Ask Pat McAfee. Ask Tony Romo. Ask Al Michaels.
Ask any of them.
How about old-school trickery? The New York Times snakes a hot reporter from a “lowly” shop across town. It should continue to make similar, hard-clutching moves to make sure The Athletic survives in a morass of industry failure. Again, any serious national columnists on site? Anyone to write four or five times a week on relevant subjects and make people think, smile and get mad? Wouldn’t that element make the same impact as Marchand’s hire?
By no surprise, his first two stories this week were listed among the most popular reads. He explained why the network-ballyhooed streaming story about a new ESPN, Fox and Warner Bros. Discovery venture “won’t solve much, at least not yet.” While other outlets were praising it as a game-changer, Marchand suggested it was the “Great Rebundling” of cable. Then he swung back and broke news about “The NFL Today” on CBS — host James Brown will return, but he expects J.J. Watt and perhaps Bill Belichick to replace interims such as Nate Burleson, Phil Simms, Bill Cowher and/or Boomer Esiason. That quickly, he cracked more stories at the site than the slogger, Richard Deitsch, who befriends every director to slobber over stadium-truck performances but can’t break a toenail with a corkscrew.

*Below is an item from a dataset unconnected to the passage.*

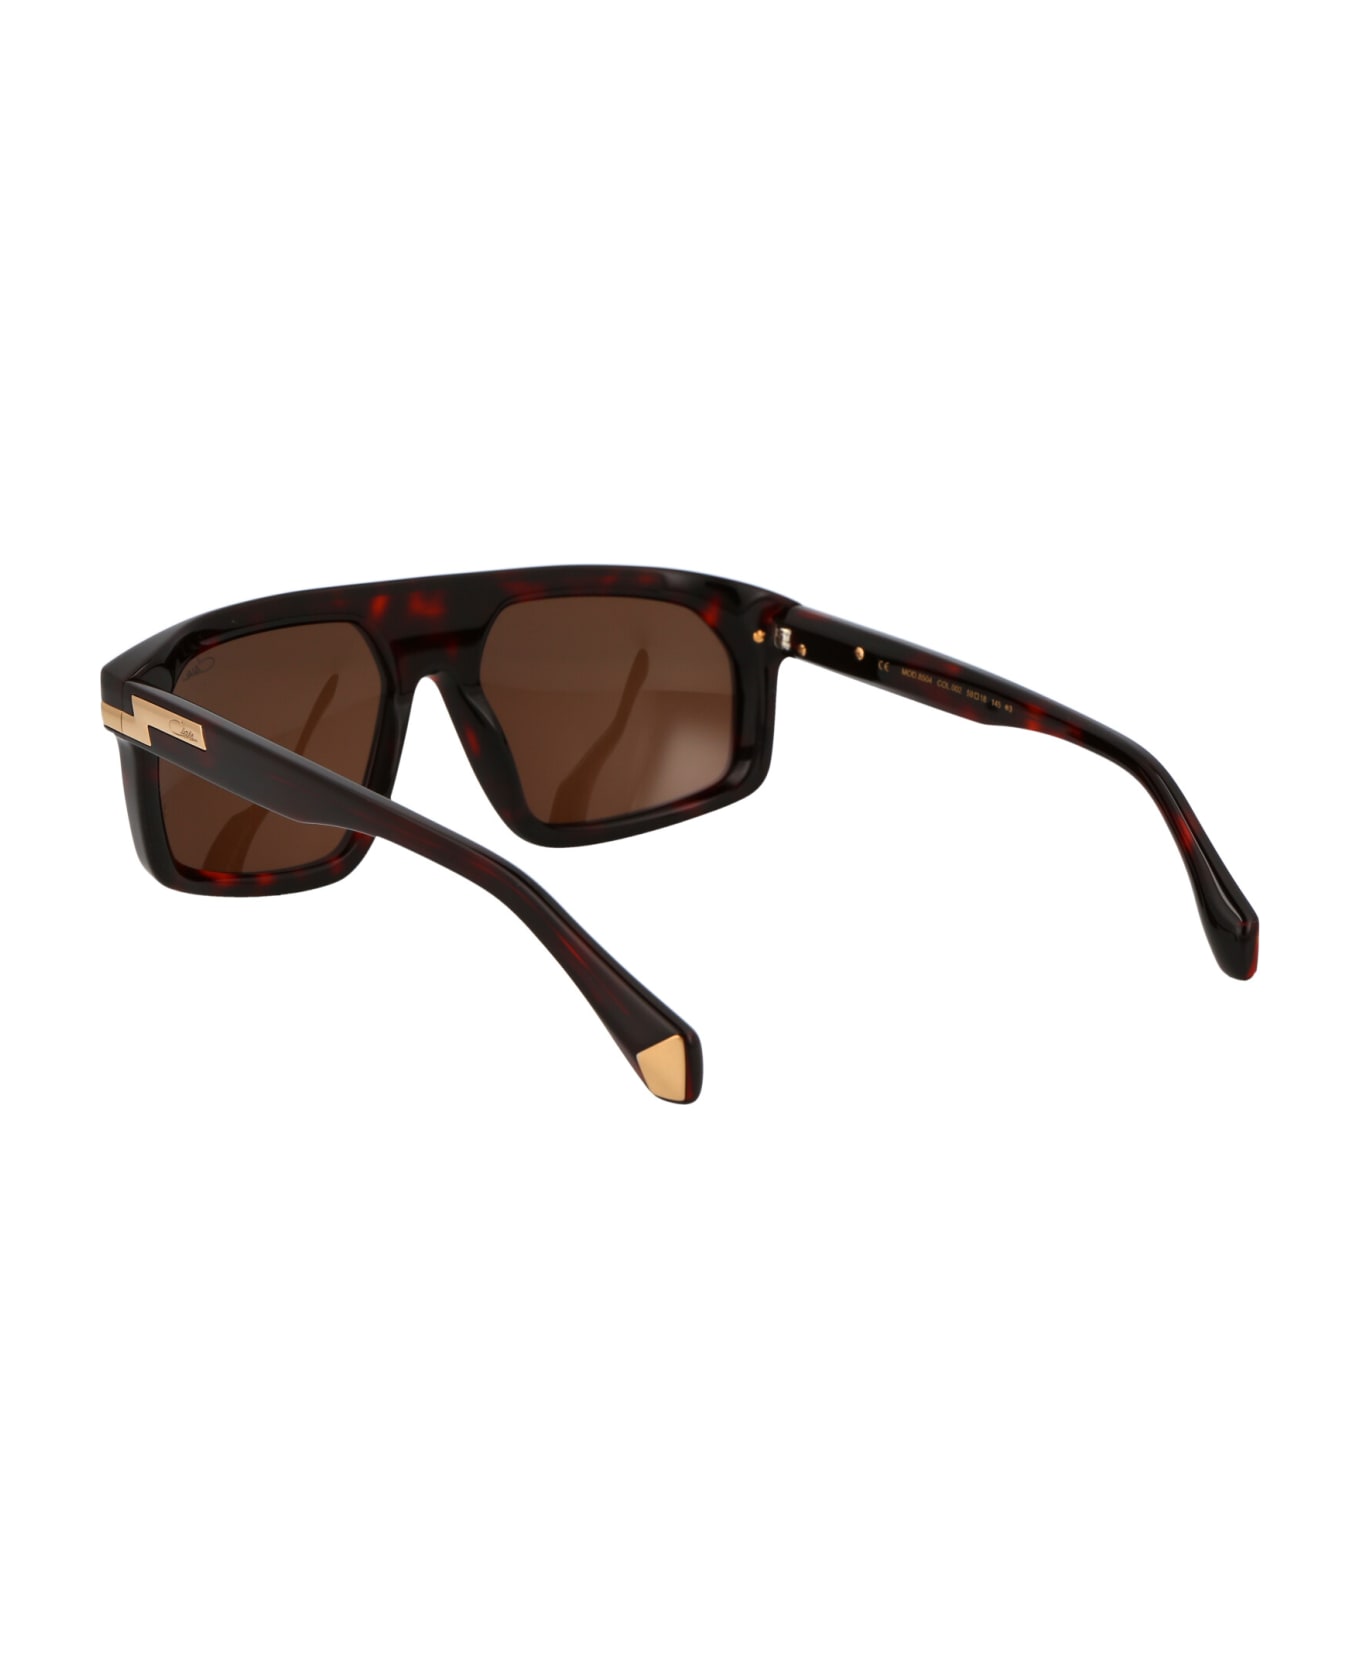 Cazal Mod. 8504 Sunglasses - 002 HAVANA

Those in charge will recognize how breaking stuff brings credit from other sites, the best way to earn a customer’s eyeballs. Marchand has secured more credit-card payments this week than Deitsch has in years of doing media. Look, before I became a general columnist and commentator, I wrote sports media in Detroit at age 21, fresh out of college. I broke stories without trying. The Athletic’s executive editor, Steven Ginsberg, should growl if he wants to run the profession. Marchand growls.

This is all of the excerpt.